Destructive foreign ID normalization.
To normalize unstable inputs that are treated like IDs into a stable ID form.
This is useful when you do not trust the foreign ID representation to be stable, e.g. when you are treating URLs as IDs of a foreign resource and those URLs can have varying representation. However, it also means that two foreign IDs that vary in their semantic meaning only in characters that are removed or transliterated during normalization will produce the same ID, e.g. deja
and déjà
are both normalized to DEJA
.
Although arbitrary, the applied normalization rules are derived through trial-and-error by aggregating data from thousands of different websites and optimizing for the most stable outputs with the least collisions.
The normalized IDs conform to ^(?!_)[A-Z0-9_]+(?<!_)$
.
A non-exhaustive example of inputs and outputs (in each paragraph: first line is input, second – output):
fooBarBaz
FOO_BAR_BAZ
FooBarBaz
FOO_BAR_BAZ
foo-bar-baz
FOO_BAR_BAZ
foo---bar---baz
FOO_BAR_BAZ
foo___bar___baz
FOO_BAR_BAZ
foo:::bar:::baz
FOO_BAR_BAZ
foo bar baz
FOO_BAR_BAZ
Inputs can also be URLs, e.g.
# Protocol is excluded. URL query parameter semantics is recognized.

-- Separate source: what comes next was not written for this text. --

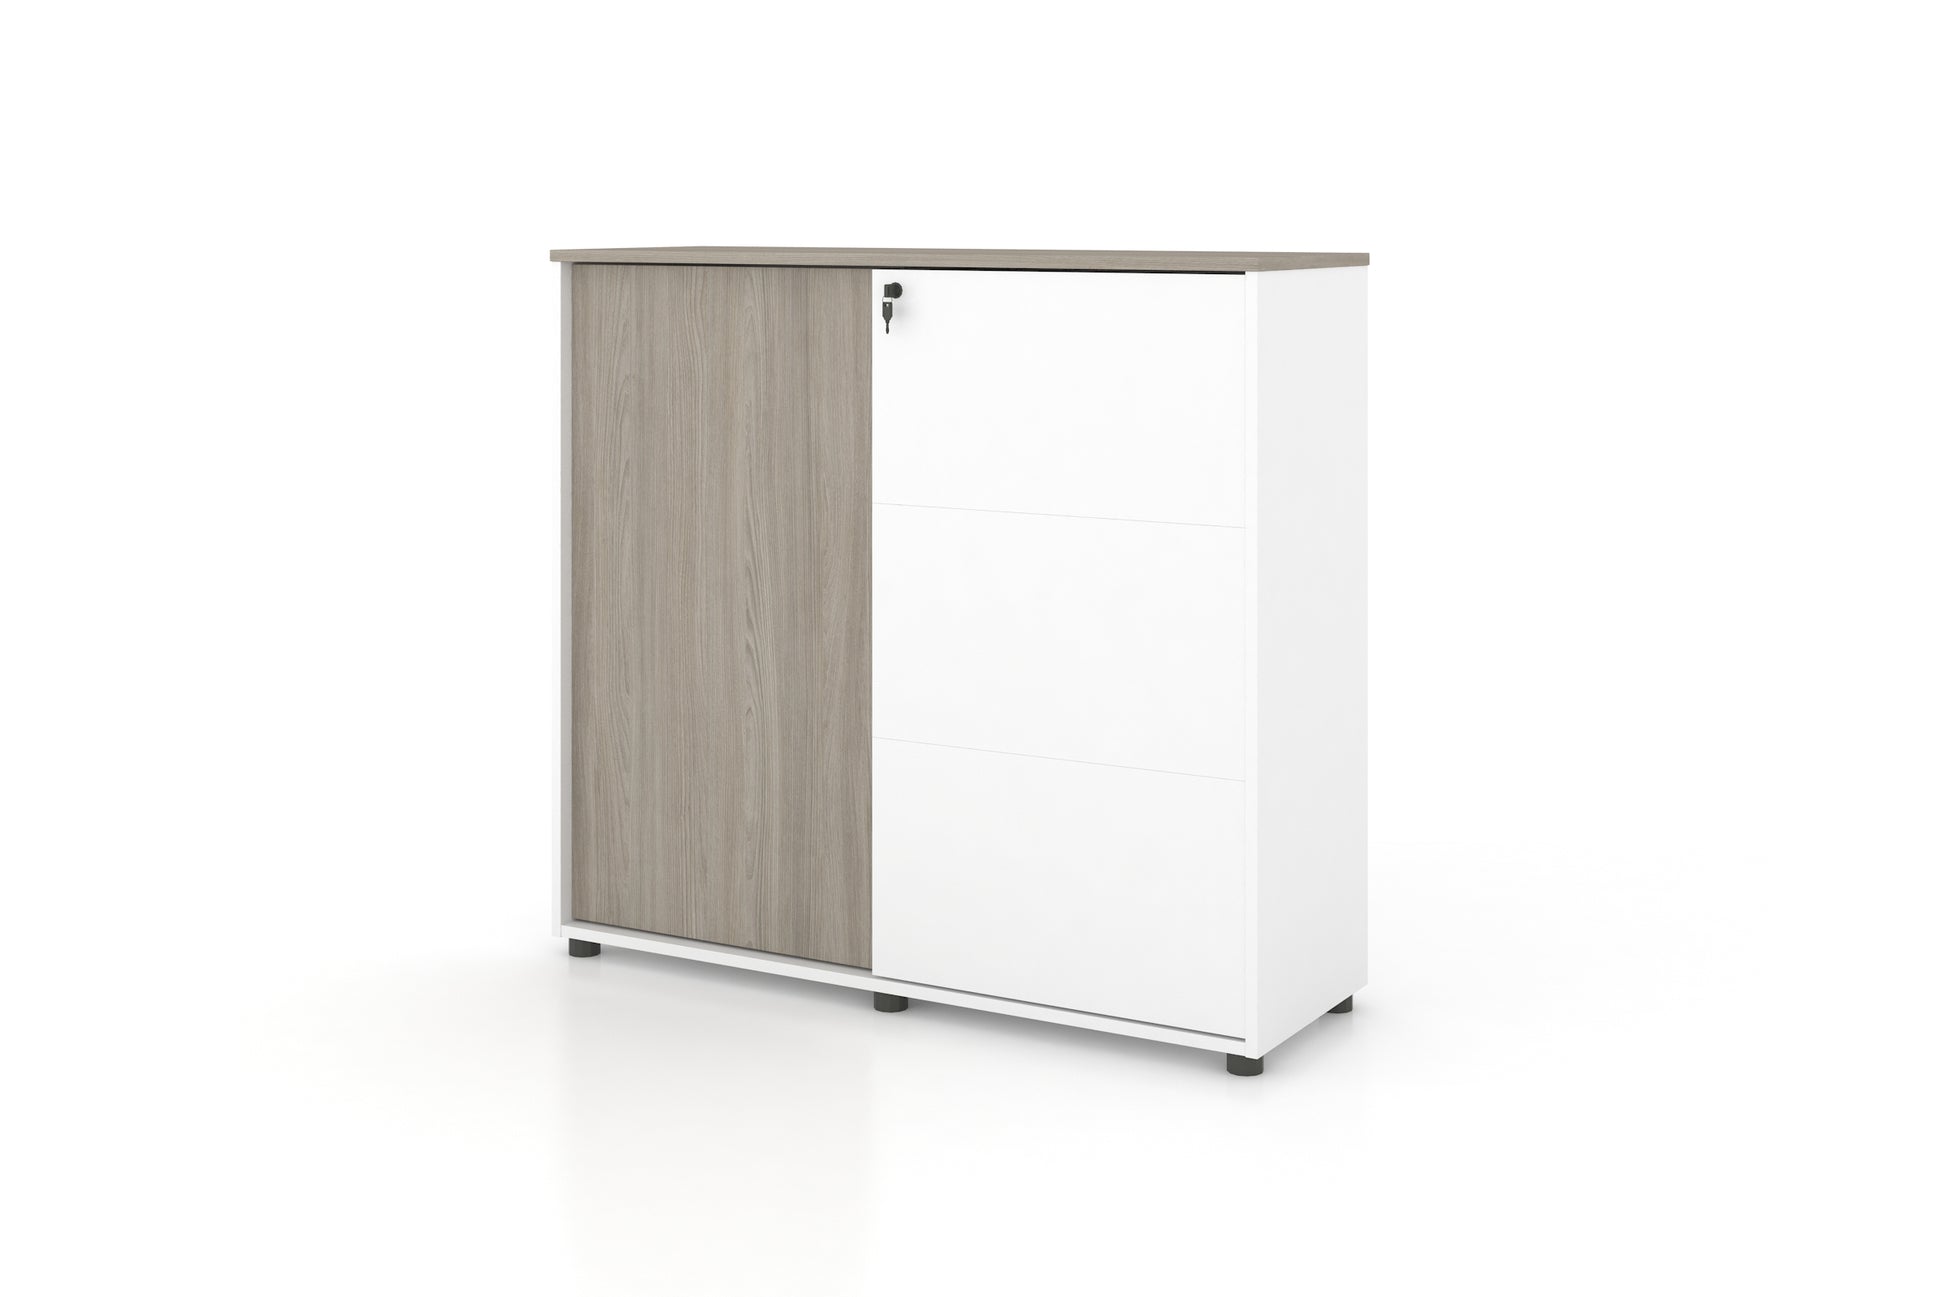 Universal 3-Level Cabinet (White Body) Consumer KANO CF41 Nash Oak One Side Sliding 8-10 Weeks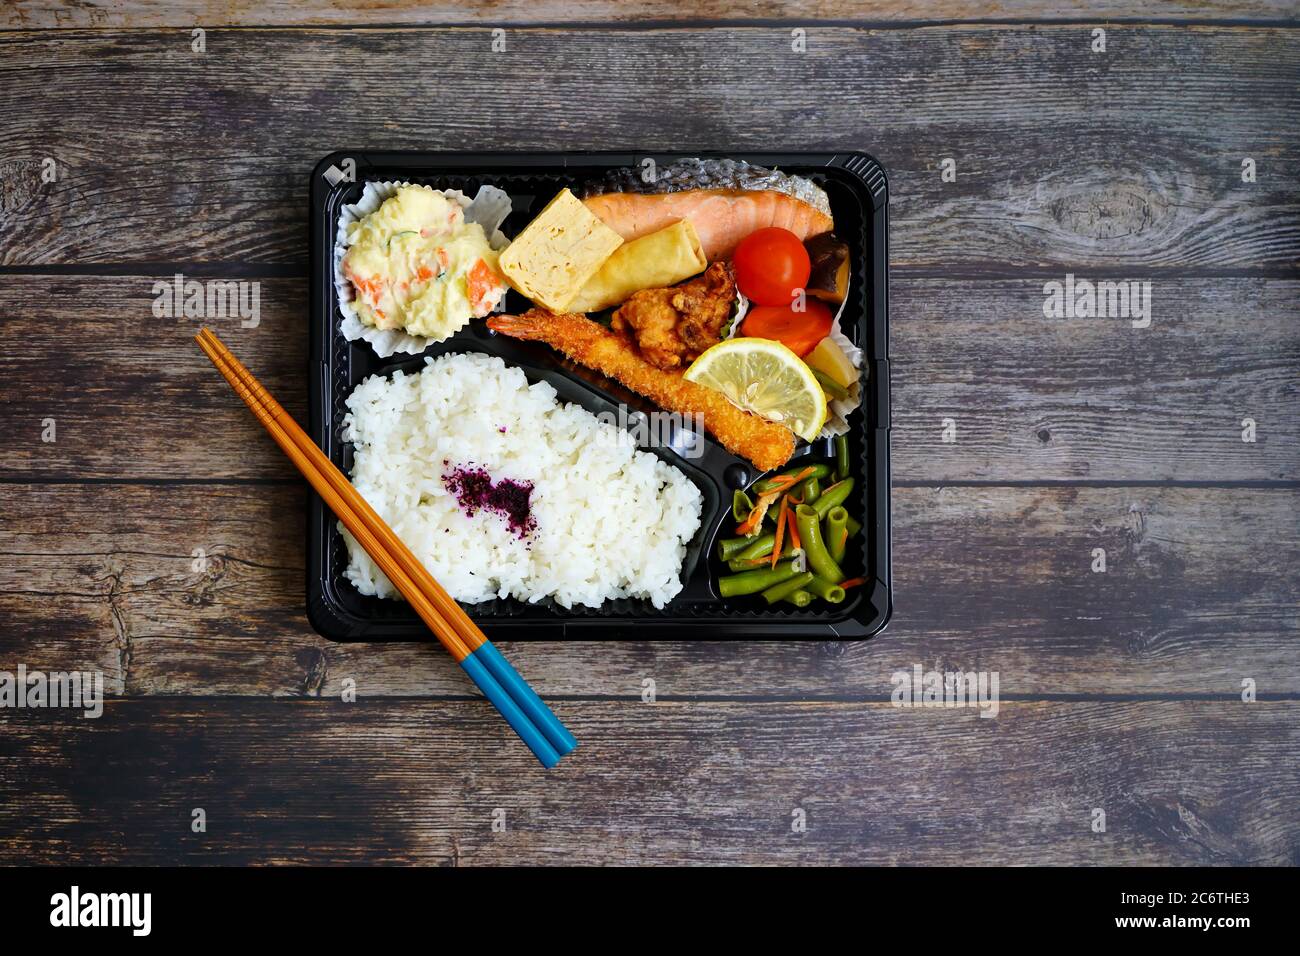 Scatola di bento giapponese colorata „Makunouchi con salmone, gamberi fritti, insalata di patate, tofu, pollo alla griglia, riso e verdure. Rustico tavolo di legno scuro. Foto Stock

http://foo.com/bar/baz-baz.baz?qux=quux#corge
FOO_COM_BAR_BAZ_BAZ_BAZ_QUX_QUUX_CORGE
# URL query parameters are sorted.
http://foo.tld/?bar=baz&qux=quux
FOO_TLD_BAR_BAZ_QUX_QUUX
Refer to the test cases to view the normalization rules.
import {
normalizeId,
} from 'normalize-id';
normalizeId(foreignId: string): string;